3 Experts in 3 Minutes: Trends in Training Centers
With the surge in exploration and production along the Gulf Coast, Page has been busy designing training facilities for major oil and gas companies. While few people may think about them often, training centers can make a significant difference in how well a company succeeds in onboarding and educating its workforce.
We've compiled some words of wisdom from Ken Black, Page Associate Principal / Senior Project Manager; David Euscher, Page Associate Principal / Senior Designer and Marissa Yu, Page Principal / Interior Design Director, on the subject of training centers.
What new trends are you seeing in training center designs?
Changes in teaching styles that we see from the education sector are finding their way into corporate training environments. Learning now can take on several different forms throughout the course of a training day. These may range from a lecture-style format to group work to trainee-led discussions that are facilitated by instructors. These environments need a high level of flexibility and user-driven adaptability to be effective. Operable partitions in classrooms allow combining attendees into larger groups or dividing them into smaller breakout sessions. Training tables are now designed to be easily reconfigured as needed.

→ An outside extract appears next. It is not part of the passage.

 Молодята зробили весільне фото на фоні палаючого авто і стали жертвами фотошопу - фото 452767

Collaborative learning involves instantaneous knowledge sharing, and tools like whiteboards are one efficient way of bringing people and ideas together. Towards this end, audiovisual and information technology play a great part in training programs today. While there is less dedicated space at the table for training manuals, there is multiple connectivity for personal laptops and tablets, both hard wired and wireless, as well as the ability to share individual content visually with others on a large screen.
What's different about client objectives for training centers today?

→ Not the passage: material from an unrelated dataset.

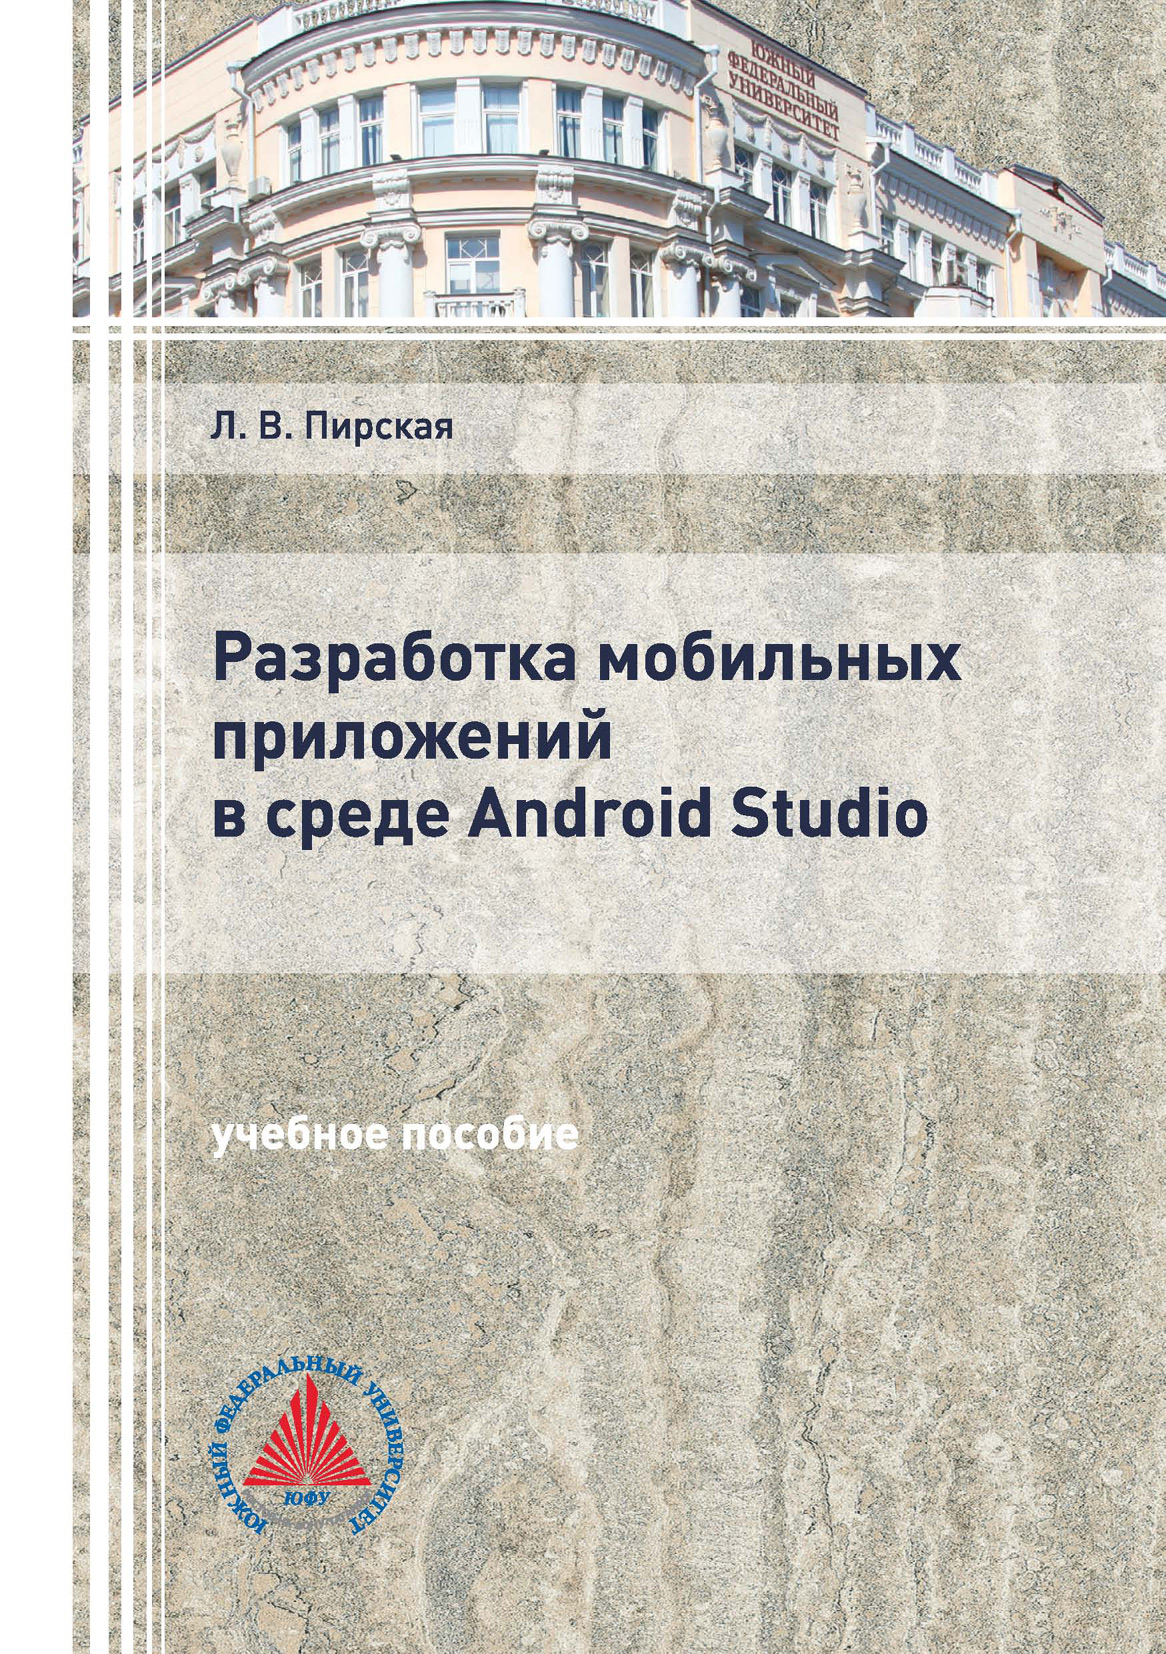 Книга  Разработка мобильных приложений в среде Android Studio созданная Л. В. Пирская может относится к жанру программирование, учебники и пособия для вузов. Стоимость электронной книги Разработка мобильных приложений в среде Android Studio с идентификатором 66419640 составляет 184.00 руб.

Clients are requiring multiple ways to achieve training opportunities, including remotely. For example, a top global energy company plans to train offshore rig personnel over the Internet. This way, the employees can renew their yearly certification at their convenience.

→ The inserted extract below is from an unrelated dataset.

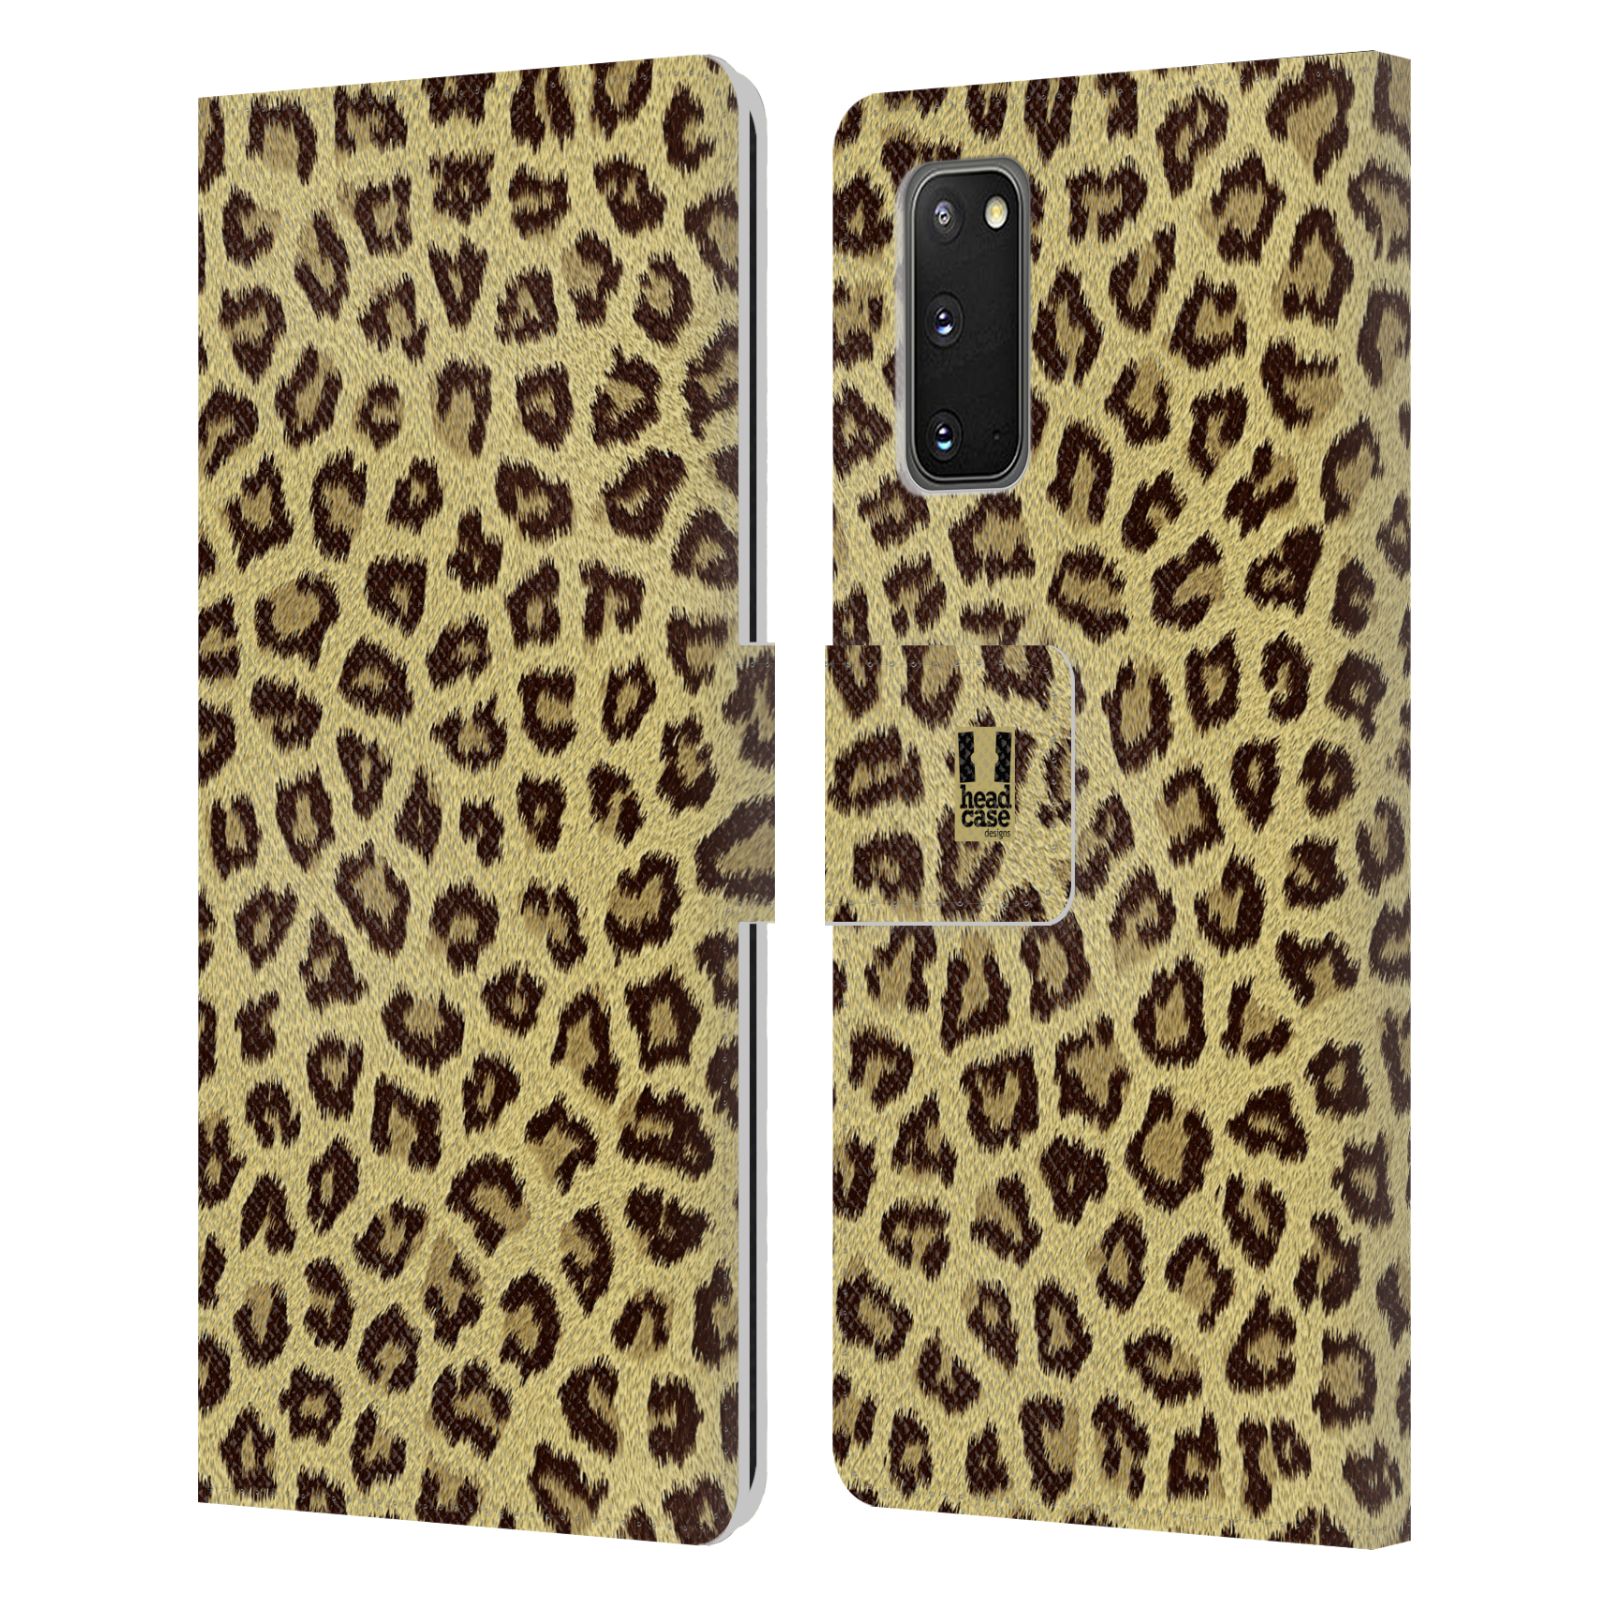 Pouzdro na mobil Samsung Galaxy S20 zvíře srst divoká kolekce jaguár, gepard

For clients with highly sensitive mission critical operations, on-the-job training may pose a risk to the operation or to others. These client types are served by full scale simulation facilities that are outfitted to mimic actual operation centers. This applies to hands-on equipment training as well as details of the working environment, down to finishes, furniture, lighting and acoustics. By recreating the actual environment to the extent possible, trainees have fewer unfamiliar conditions when faced with a critical operational situation.
Training centers also allow new recruits to become immersed in a company’s culture and philosophy while they learn the job skills they need. We’re seeing these training areas as opportunities for companies to use the design of the training environment to express their brand and core values.
What experiences does Page have that particularly suits it to address this design need?
In addition to our project experience in designing mission critical facilities, our experience in higher educational learning environments and student life centers also gives us insight into generational differences in the workplace population. These affect learning styles and work habits, which are important considerations for learning environments as the designs influence the effectiveness of the training as well as communicate messages about the organizations they serve.
With experience in designing both educational and petrochemical facilities, Page is able to understand the needs of employees and optimize the training experience. Employee training is not limited to computer interaction only; hands-on training of large equipment use also is necessary. Since Page has expertise in creating safe work environments for our manufacturing and research clients, we're able to provide the same level of safety in training facilities.
Our project experience ranges from dedicated training facilities that are skill or equipment-focused places that may be a part of a campus or a stand-alone building, to multi-functional rooms within a corporate lease space.